My Lords, I am grateful to the most reverend Primate and to the noble Lord, Lord McFall. However, I am not so grateful to my noble friend the Minister, as I thought that he rather missed the point. The fact that Tom, Dick and Harry can go down to the betting shop or the local casino, run up a debt and be sued for it has nothing whatever to do with the amendment that I propose tonight. As noble Lords have commented, and as is obvious, we are dealing here with huge sums of our money which are gambled, often to the excessive benefit of the gamblers. We do not know how they function and have not looked carefully and closely, as we should, at the impact of this. I refer not so much to the economic impact, although it may be found that the destabilising effects of this market are greater than we realise, but to the ethical, cultural and social effects. For the life of me, I cannot see why a liberal-minded Government should want to staunch such an investigation. I see no downside to it; it would not be expensive and would be simple to operate. It would all be within the purview of the Treasury and it might yield some surprising and valuable results. I therefore hope that the Minister will give this a little further thought, as I am very inclined to bring this back on Report.
My Lords, I am extremely grateful to my noble friend for clarifying exactly what lies behind his amendment. I am sorry if I in any way misconstrued it. The issues that he raises about the social and broader consequences of some aspects of the “socially useless” parts of the financial services world are obviously important. I am somewhat less certain about whether the kind of inquiry that he is seeking would produce any decisive results.
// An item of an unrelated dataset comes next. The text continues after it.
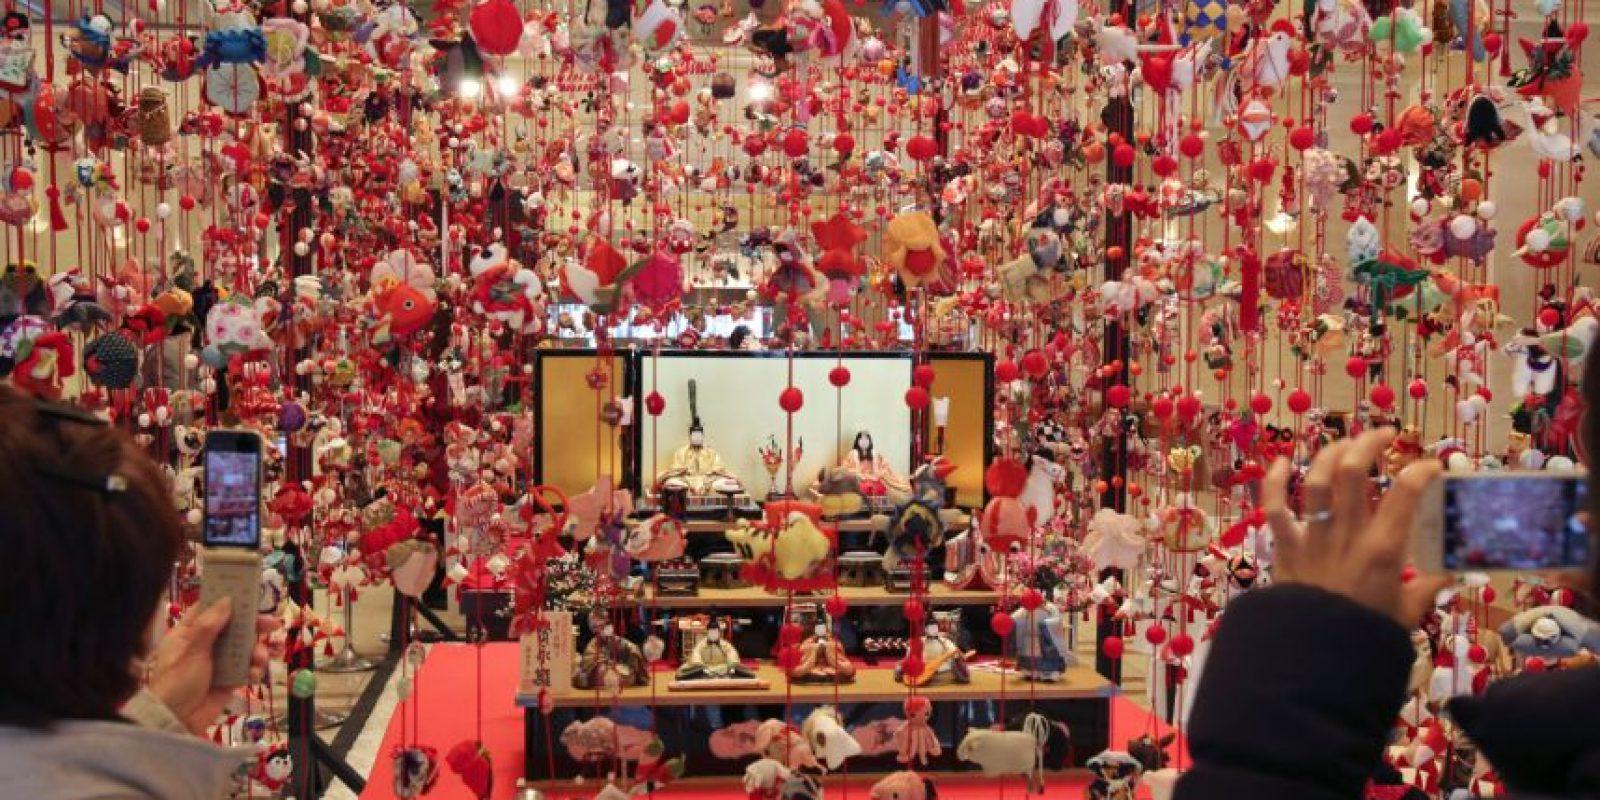 El hotel tokiota Keio Plaza es conocido por su gran exposición de muñecas. Foto:AP
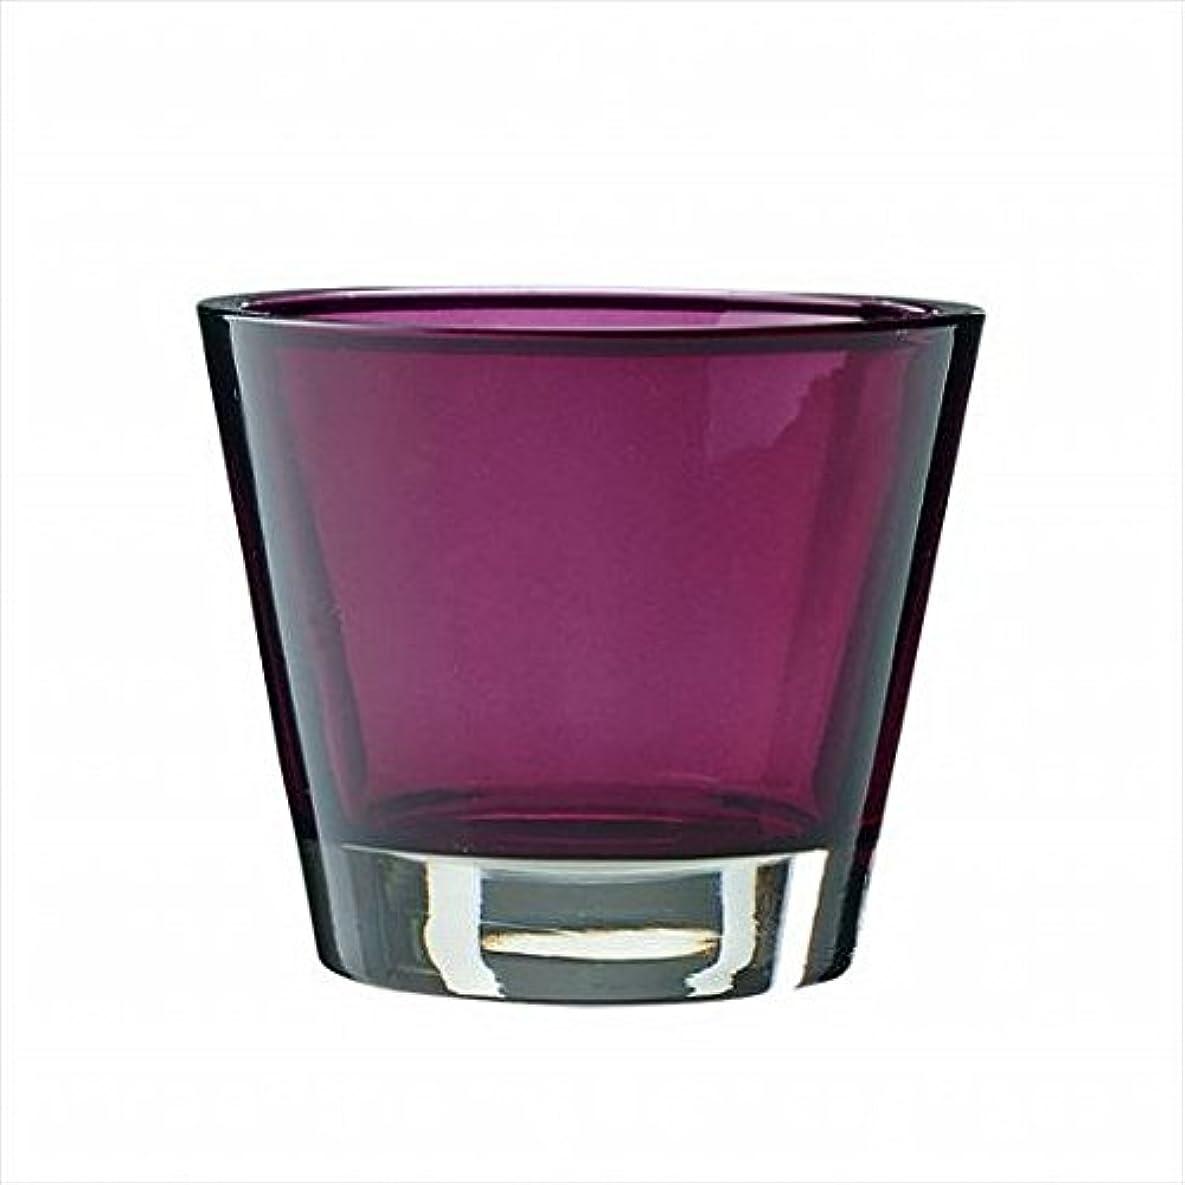 ブラウスほぼ地球kameyama candle(カメヤマキャンドル) カラリス 「 プラム 」 キャンドル 82x82x70mm (J2540000PL)

I wonder whether he may wish to consider between now and Report whether there is another means of achieving the same result because these issues are very much in the public domain. A dry inquiry might not get us to the answer that he wanted. I wonder whether there might be some broader inquiry, bringing together groups of people with expertise and concern, possibly moderated by a think tank or charity, to look at some these issues. The membership of such an inquiry would be important in determining the result. Too narrow a membership would tend to produce a series of dry, probably useless, recommendations, whereas a broader group operating in a relaxed and unconstrained manner might produce more wide-ranging and socially useful conclusions.
I am not sure whether I am supposed to say any more to the Minister except, “Thank you”. I thought that at the end he was arguing my case rather better than I was. I will certainly think between now and next time, and talk with him. I beg leave to withdraw the amendment.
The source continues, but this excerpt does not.